* [Data block]
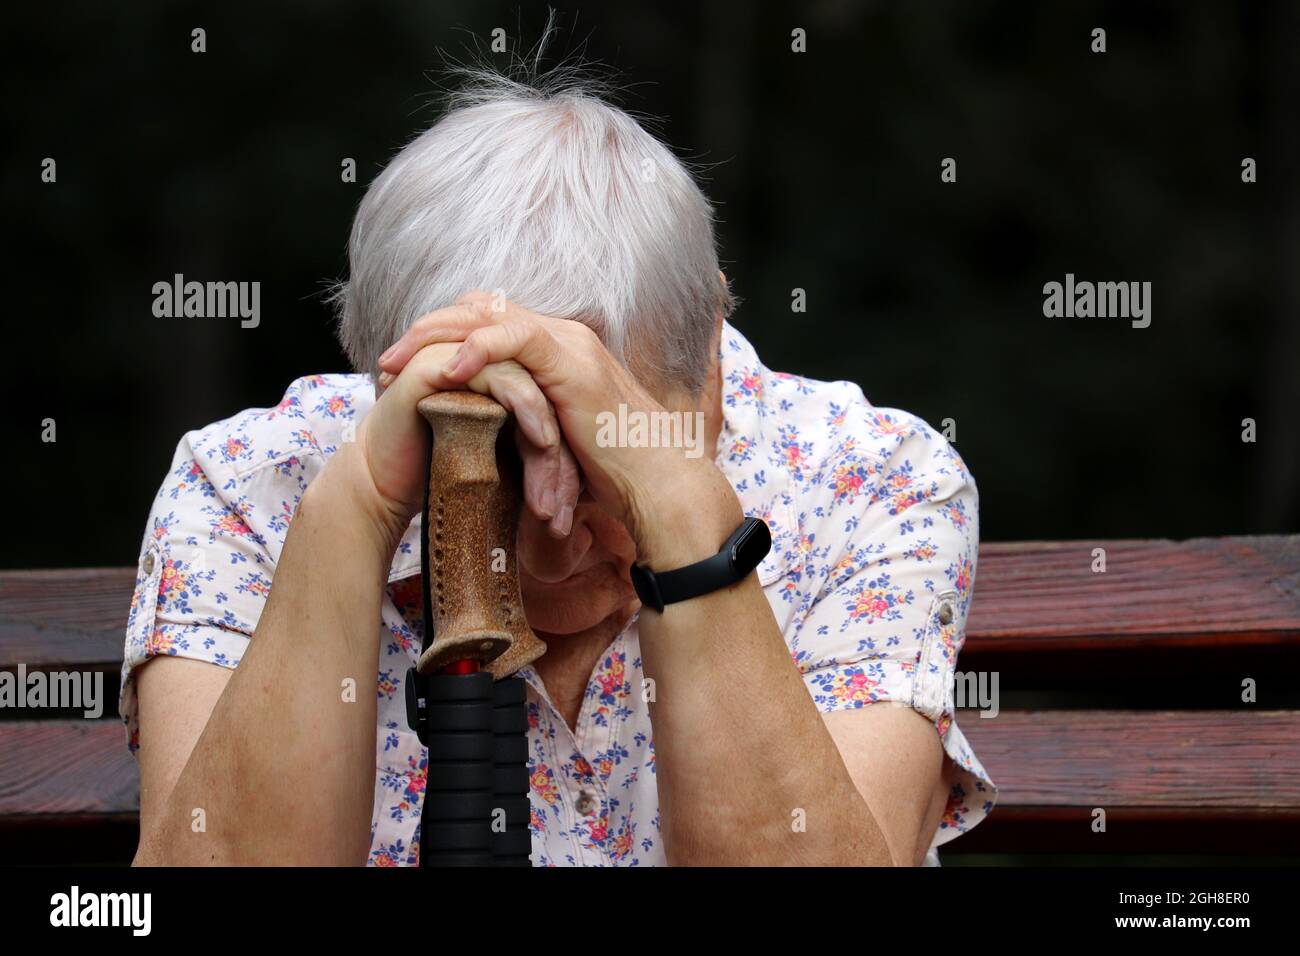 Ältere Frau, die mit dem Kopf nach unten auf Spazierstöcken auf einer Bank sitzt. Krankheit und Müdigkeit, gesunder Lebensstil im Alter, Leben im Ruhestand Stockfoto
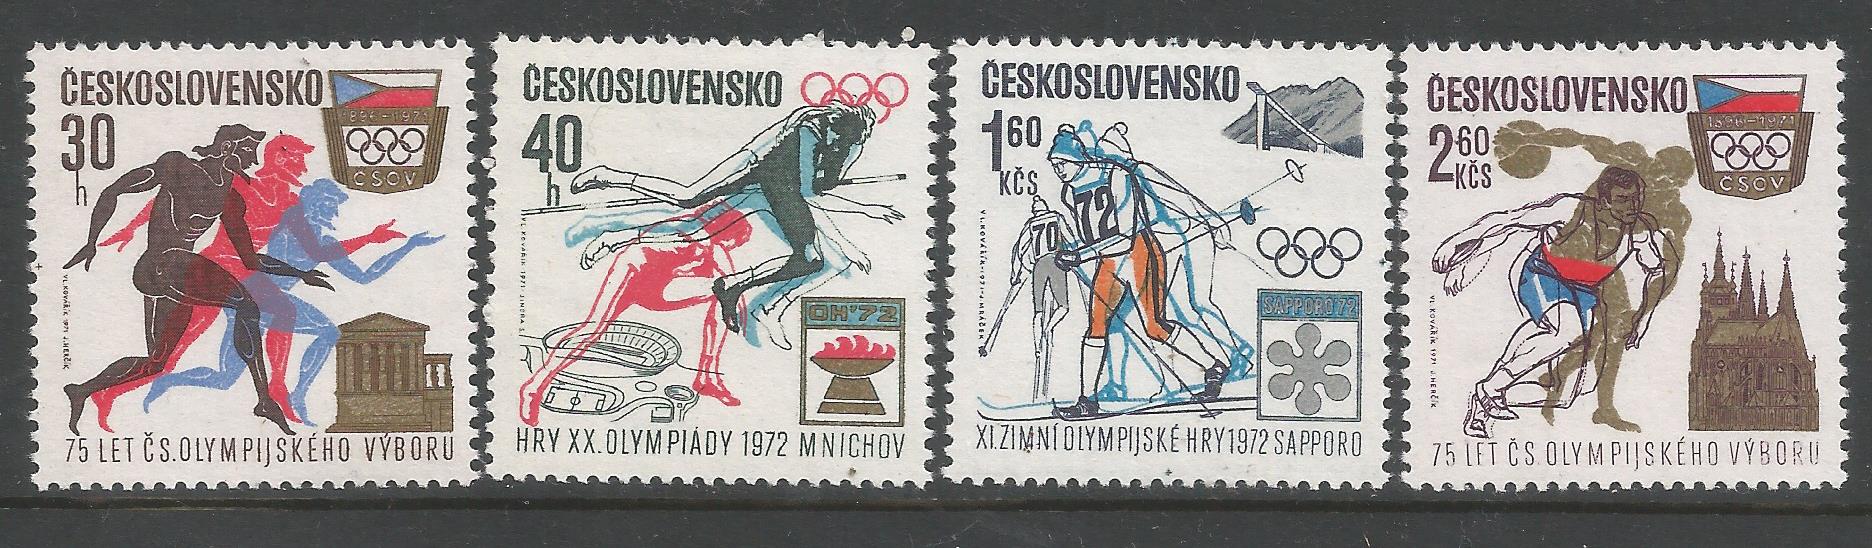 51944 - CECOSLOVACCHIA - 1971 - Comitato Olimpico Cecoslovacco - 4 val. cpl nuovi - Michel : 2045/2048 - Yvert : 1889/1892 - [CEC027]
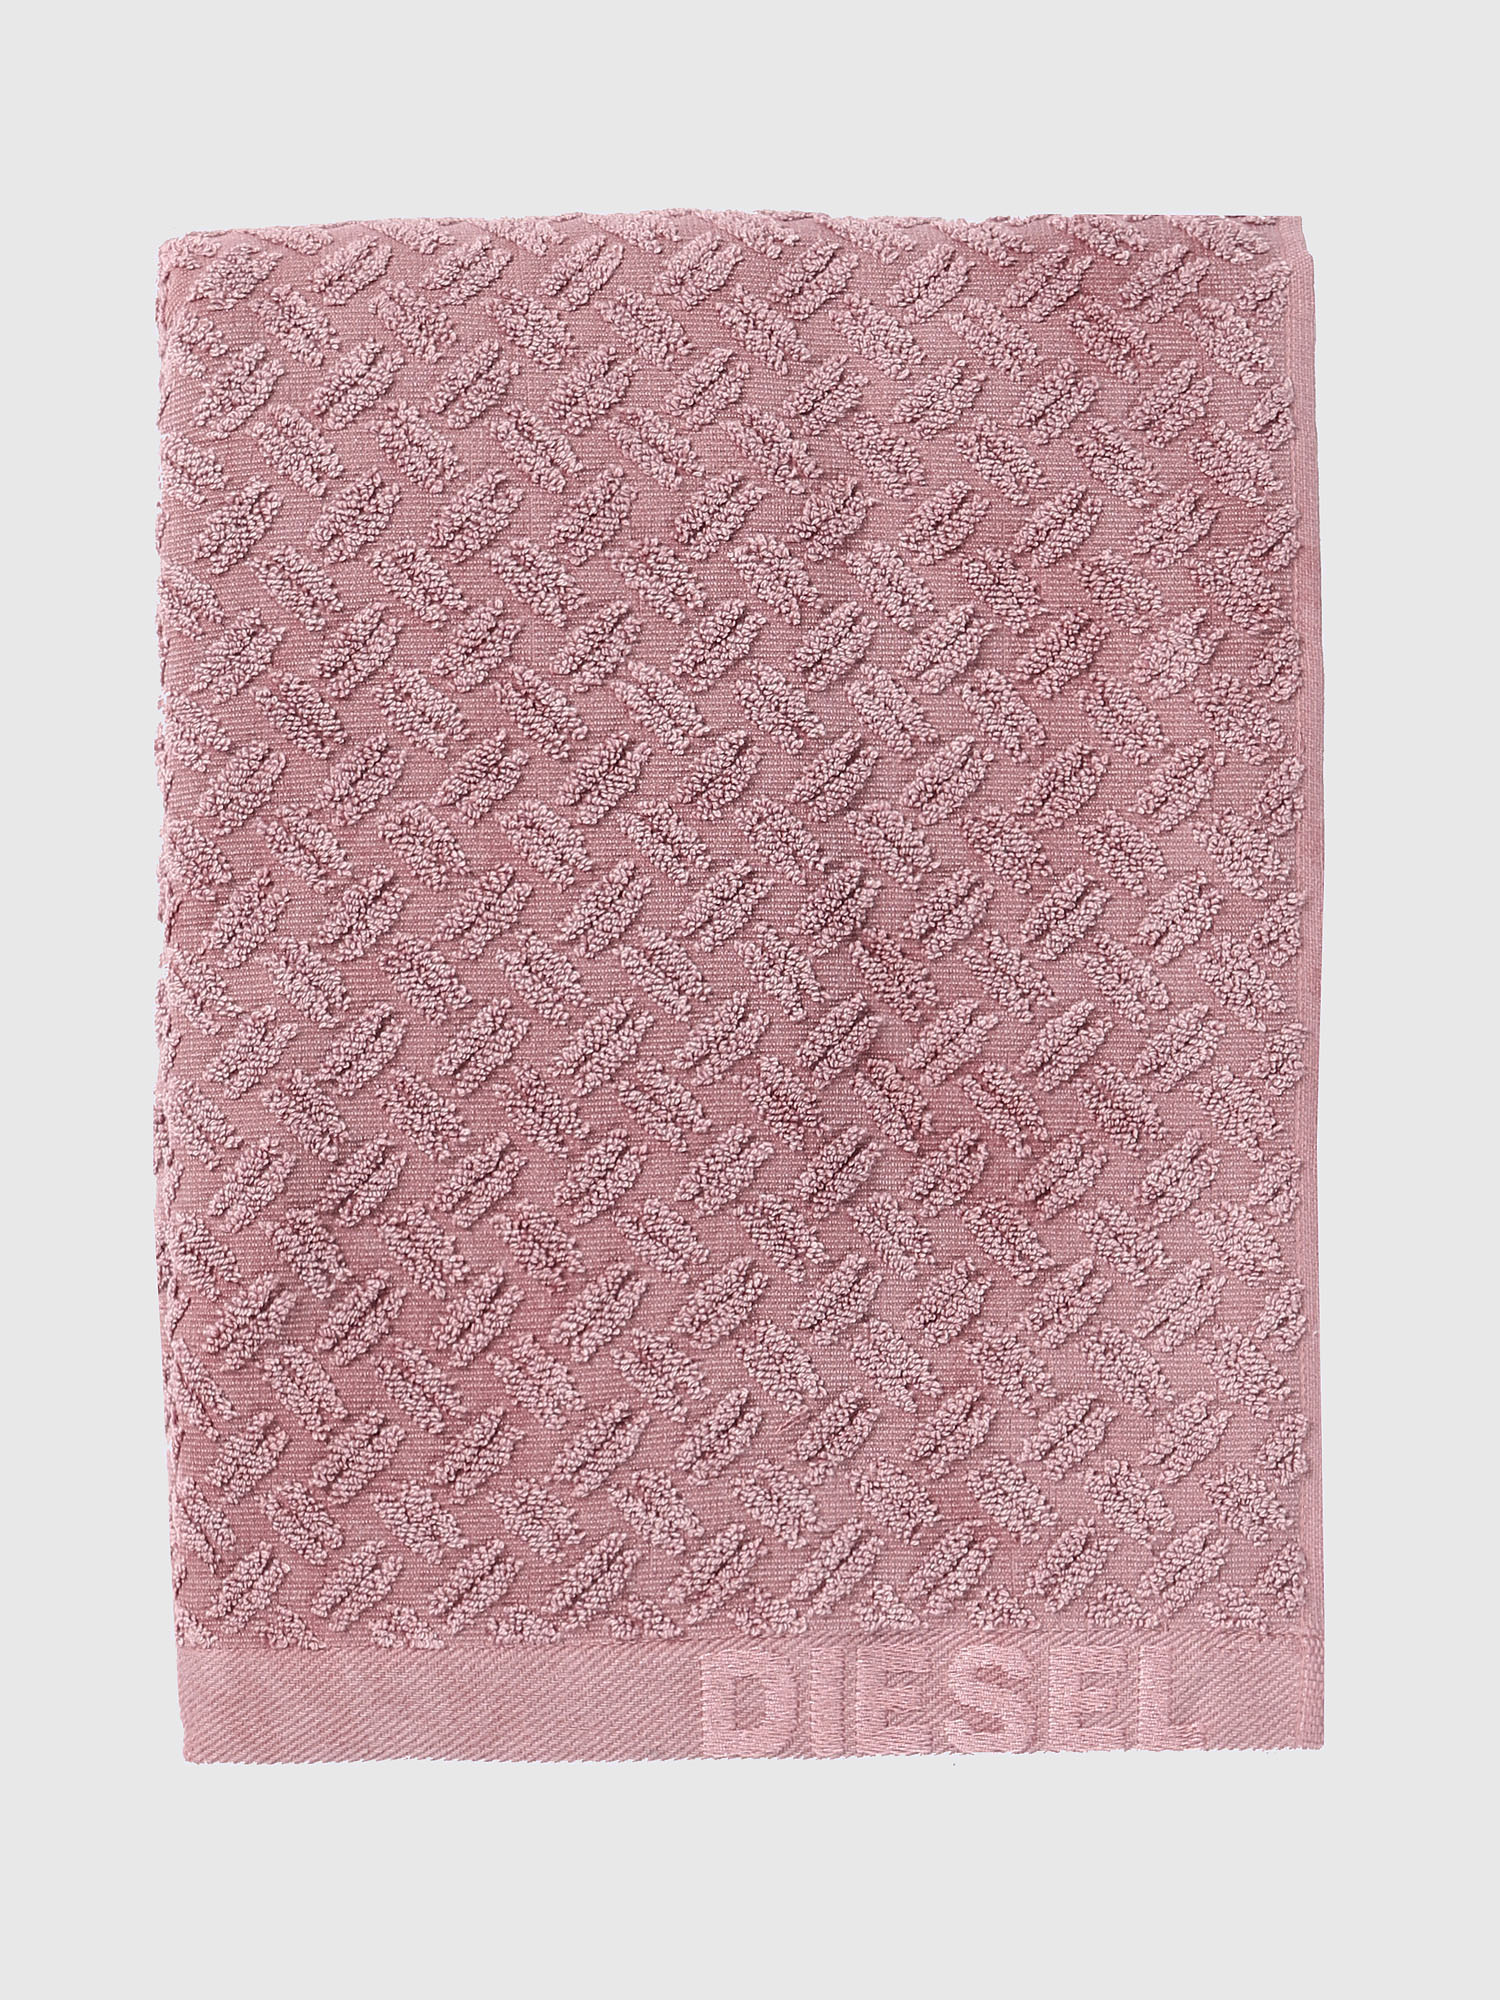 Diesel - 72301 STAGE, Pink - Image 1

* [Task directions]
Quote the preceding listing precisely and completely, omitting its images.

* [Exercise response]
 Ältere Frau, die mit dem Kopf nach unten auf Spazierstöcken auf einer Bank sitzt. Krankheit und Müdigkeit, gesunder Lebensstil im Alter, Leben im Ruhestand Stockfoto
 51944 - CECOSLOVACCHIA - 1971 - Comitato Olimpico Cecoslovacco - 4 val. cpl nuovi - Michel : 2045/2048 - Yvert : 1889/1892 - [CEC027]
 Diesel - 72301 STAGE, Pink - Image 1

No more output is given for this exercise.